Everyone loves movies irrespective of age, gender, race, color, or geographical location. We all in a way are connected to each other through this amazing medium. Yet what's most interesting is the fact that how unique our choices and combinations are in terms of movie preferences. Some people like genre-specific movies be it a thriller, romance, or sci-fi, while others focus on lead actors and directors. When we take all that into account, it’s astoundingly difficult to generalize a movie and say that everyone would like it. But with all that said, it is still seen that similar movies are liked by a specific part of the society.
So here’s where we as data scientists come into play and extract the juice out of all the behavioral patterns of not only the audience but also from the movies themselves.

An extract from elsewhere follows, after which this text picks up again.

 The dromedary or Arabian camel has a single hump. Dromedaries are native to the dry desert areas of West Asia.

A recommendation system is a subclass of information filtering systems that helps predict the rating or preference based on the likes(ratings) given by users to an item. In recent years, recommendation systems have become increasingly popular. In short, a recommender system tries to predict potential items a user might be interested in based on history for other users.

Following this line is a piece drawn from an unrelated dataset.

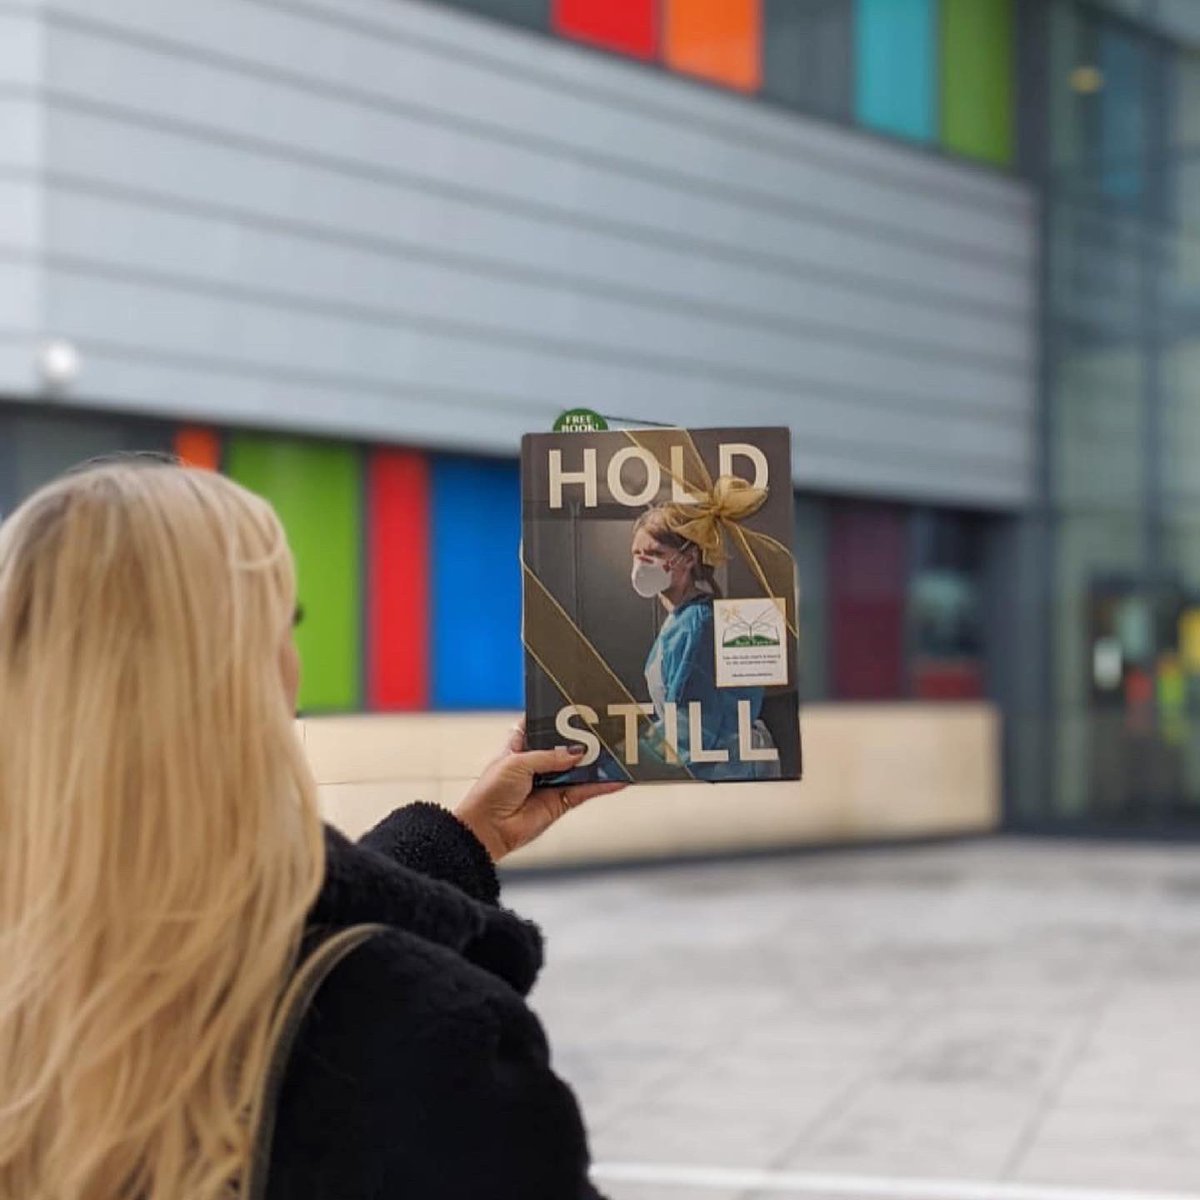 I am joining The Book Fairies and hiding a copy of the beautiful book Hold Still. One of my photographs is featured in the collection! #HSBookFairies #ibelieveInbookfairies #HoldStill2020

User input: In this case, we assume the input will be one user id that already exists in the database. System: The algorithm will return 10 movies recommended by the movie database to this specific user. This user has not seen these movies before. The rating is from high to low.
UI will take user id as input and return the recommendation.

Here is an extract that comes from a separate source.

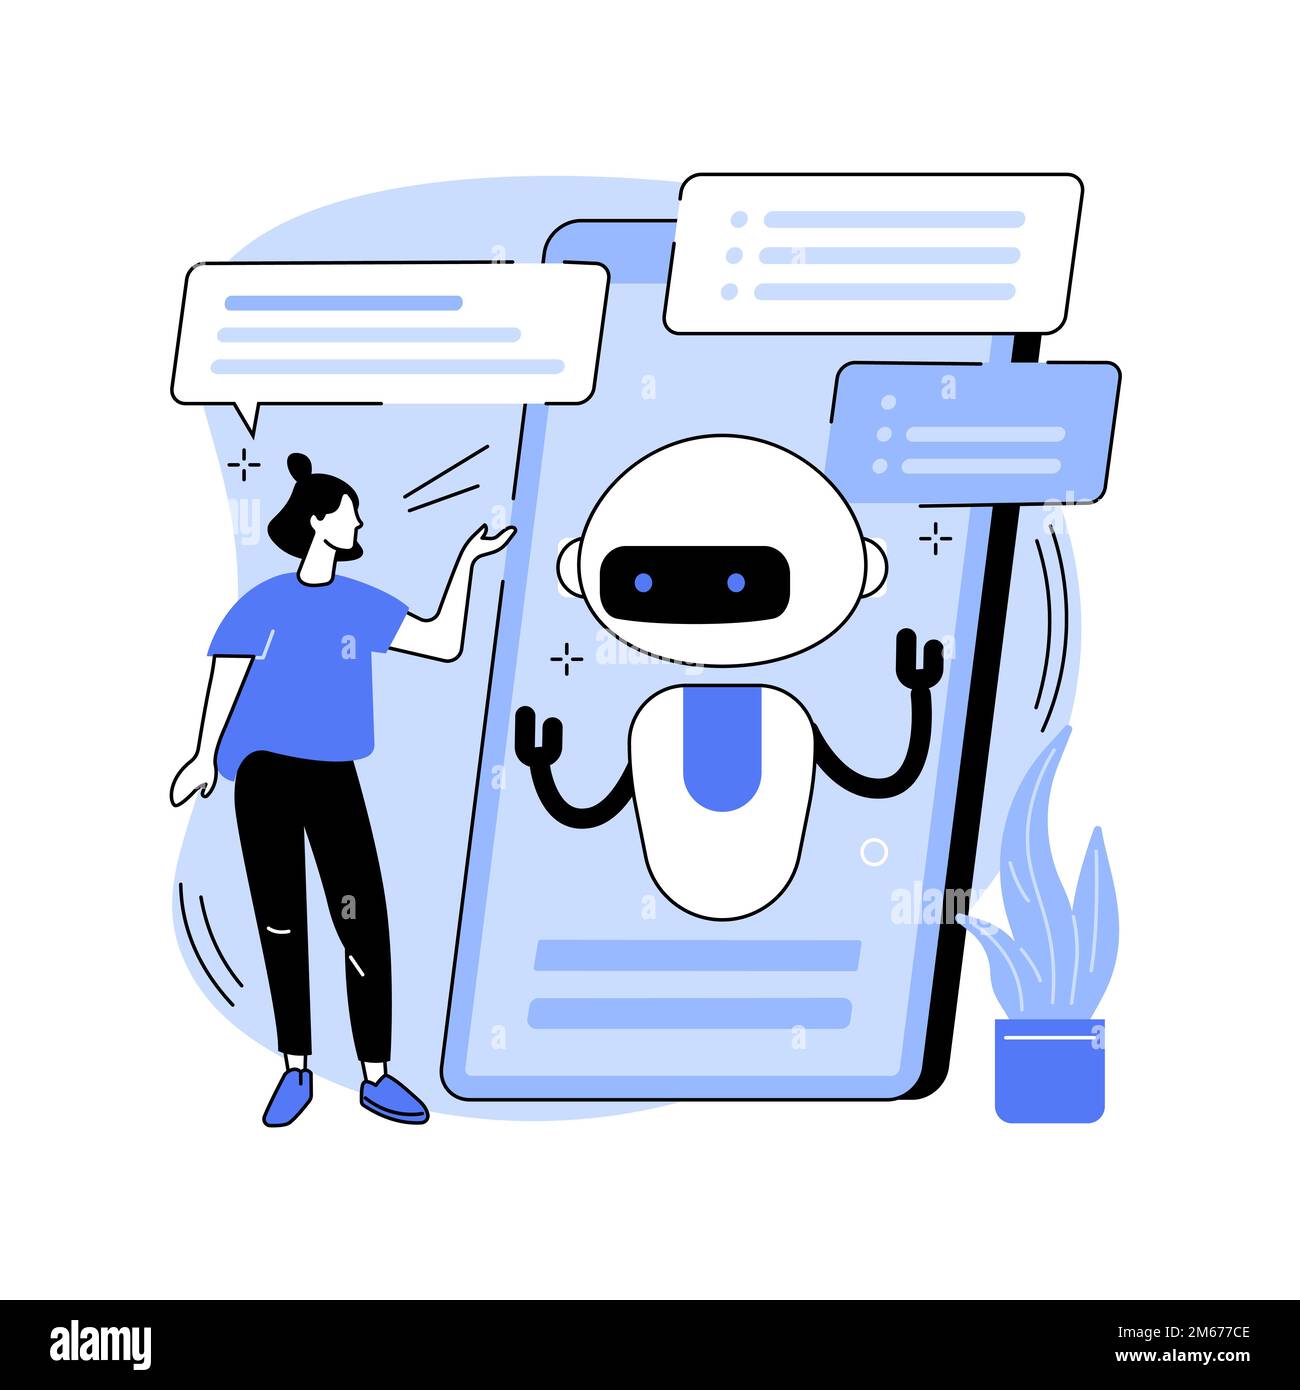 Chatbot virtual assistant abstract concept vector illustration. internet, online smart robot, device conversation, media dialog, system project, techn Stock Vector

There are a couple of ways to develop recommendation engines that results in a list of recommendations, for eg., collaborative and content-based filtering.
Using collaborative filtering approaches, an recommendation system can be built based on a user's past behavior where numerical ratings are given on purchased items.
In the model-based collaborative filtering technique, users and products are described by a small set of factors, also called latent factors (LFs). The LFs are then used to predict the missing entries. The Alternating Least Squares (ALS) algorithm is used to learn these LFs. From a computational perspective, model-based collaborative filtering is commonly used in many companies such as Netflix for real-time movie recommendations.
We tried to build a model-based movie recommendation engine with Spark that recommends movies for new users.
We will use the movie lens dataset for the project. 27,000,000 ratings and 1,100,000 tag applications applied to 58,000 movies by 280,000 users Includes tag genome data with 14 million relevance scores across 1,100 tags.
To make a preference prediction for any user, collaborative filtering uses a preference by other users of similar interests and predicts movies of your interests, that are unknown to you. Spark MLlib uses Alternate Least Squares (ALS) to make a recommendation.
We used Scala and SQL for reading, parsing, data exploration and data modelling. For the UI, we had used Play Framework.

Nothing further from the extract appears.